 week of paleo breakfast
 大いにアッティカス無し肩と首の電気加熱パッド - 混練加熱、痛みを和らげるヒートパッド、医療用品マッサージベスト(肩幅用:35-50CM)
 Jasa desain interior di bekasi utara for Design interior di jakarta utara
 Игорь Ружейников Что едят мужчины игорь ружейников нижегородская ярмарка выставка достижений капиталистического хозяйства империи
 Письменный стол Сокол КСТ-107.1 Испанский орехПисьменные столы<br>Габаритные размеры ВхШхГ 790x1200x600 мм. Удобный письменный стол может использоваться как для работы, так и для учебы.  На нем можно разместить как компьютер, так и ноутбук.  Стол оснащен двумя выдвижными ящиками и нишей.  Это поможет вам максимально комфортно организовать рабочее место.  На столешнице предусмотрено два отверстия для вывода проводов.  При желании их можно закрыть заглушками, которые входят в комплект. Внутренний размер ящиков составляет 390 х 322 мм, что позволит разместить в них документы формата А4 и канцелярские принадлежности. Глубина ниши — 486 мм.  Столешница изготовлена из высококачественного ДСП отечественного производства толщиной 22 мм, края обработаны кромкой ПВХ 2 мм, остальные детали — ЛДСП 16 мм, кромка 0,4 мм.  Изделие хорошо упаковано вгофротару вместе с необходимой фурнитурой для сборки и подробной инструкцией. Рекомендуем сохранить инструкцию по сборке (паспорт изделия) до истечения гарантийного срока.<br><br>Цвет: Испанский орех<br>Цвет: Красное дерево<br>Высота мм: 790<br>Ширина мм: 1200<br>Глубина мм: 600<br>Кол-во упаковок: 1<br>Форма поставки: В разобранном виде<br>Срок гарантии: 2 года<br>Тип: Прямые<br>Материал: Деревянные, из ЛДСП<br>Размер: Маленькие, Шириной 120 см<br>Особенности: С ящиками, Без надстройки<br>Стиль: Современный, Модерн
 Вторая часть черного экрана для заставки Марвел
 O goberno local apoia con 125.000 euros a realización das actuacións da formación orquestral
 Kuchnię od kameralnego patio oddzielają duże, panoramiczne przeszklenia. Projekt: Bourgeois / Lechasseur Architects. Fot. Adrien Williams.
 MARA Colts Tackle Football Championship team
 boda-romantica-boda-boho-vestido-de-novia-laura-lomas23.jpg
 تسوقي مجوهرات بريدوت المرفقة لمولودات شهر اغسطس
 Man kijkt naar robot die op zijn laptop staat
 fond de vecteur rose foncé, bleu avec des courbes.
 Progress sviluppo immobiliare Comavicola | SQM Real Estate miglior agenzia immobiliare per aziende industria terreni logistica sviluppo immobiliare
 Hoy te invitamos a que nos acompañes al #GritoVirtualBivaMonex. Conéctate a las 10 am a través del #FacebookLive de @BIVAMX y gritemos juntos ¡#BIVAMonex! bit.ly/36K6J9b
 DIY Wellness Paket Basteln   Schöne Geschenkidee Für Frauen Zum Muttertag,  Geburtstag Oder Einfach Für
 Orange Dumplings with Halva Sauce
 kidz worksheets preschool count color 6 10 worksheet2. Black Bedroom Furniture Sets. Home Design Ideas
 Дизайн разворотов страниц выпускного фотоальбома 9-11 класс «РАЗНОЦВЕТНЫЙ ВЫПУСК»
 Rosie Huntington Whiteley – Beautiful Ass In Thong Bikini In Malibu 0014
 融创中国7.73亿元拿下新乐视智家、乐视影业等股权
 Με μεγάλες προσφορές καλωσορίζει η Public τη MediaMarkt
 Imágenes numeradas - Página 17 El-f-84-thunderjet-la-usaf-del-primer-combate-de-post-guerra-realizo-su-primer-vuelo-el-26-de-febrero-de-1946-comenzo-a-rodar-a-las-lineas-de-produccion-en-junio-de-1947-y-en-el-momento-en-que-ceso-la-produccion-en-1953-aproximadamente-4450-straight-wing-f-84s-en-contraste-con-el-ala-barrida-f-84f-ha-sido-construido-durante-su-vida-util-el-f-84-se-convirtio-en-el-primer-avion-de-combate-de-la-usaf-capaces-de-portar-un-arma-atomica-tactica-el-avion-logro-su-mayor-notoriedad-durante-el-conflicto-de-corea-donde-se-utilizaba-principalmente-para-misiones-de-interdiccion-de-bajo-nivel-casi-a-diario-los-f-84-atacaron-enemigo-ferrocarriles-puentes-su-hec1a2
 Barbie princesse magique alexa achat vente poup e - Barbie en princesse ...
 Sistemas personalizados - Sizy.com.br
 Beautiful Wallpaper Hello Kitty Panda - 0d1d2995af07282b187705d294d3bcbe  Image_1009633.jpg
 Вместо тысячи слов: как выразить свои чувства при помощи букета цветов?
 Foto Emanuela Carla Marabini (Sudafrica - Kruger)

════════

Gather all lines of the records that include the word "Design".

 Jasa desain interior di bekasi utara for Design interior di jakarta utara
 kidz worksheets preschool count color 6 10 worksheet2. Black Bedroom Furniture Sets. Home Design Ideas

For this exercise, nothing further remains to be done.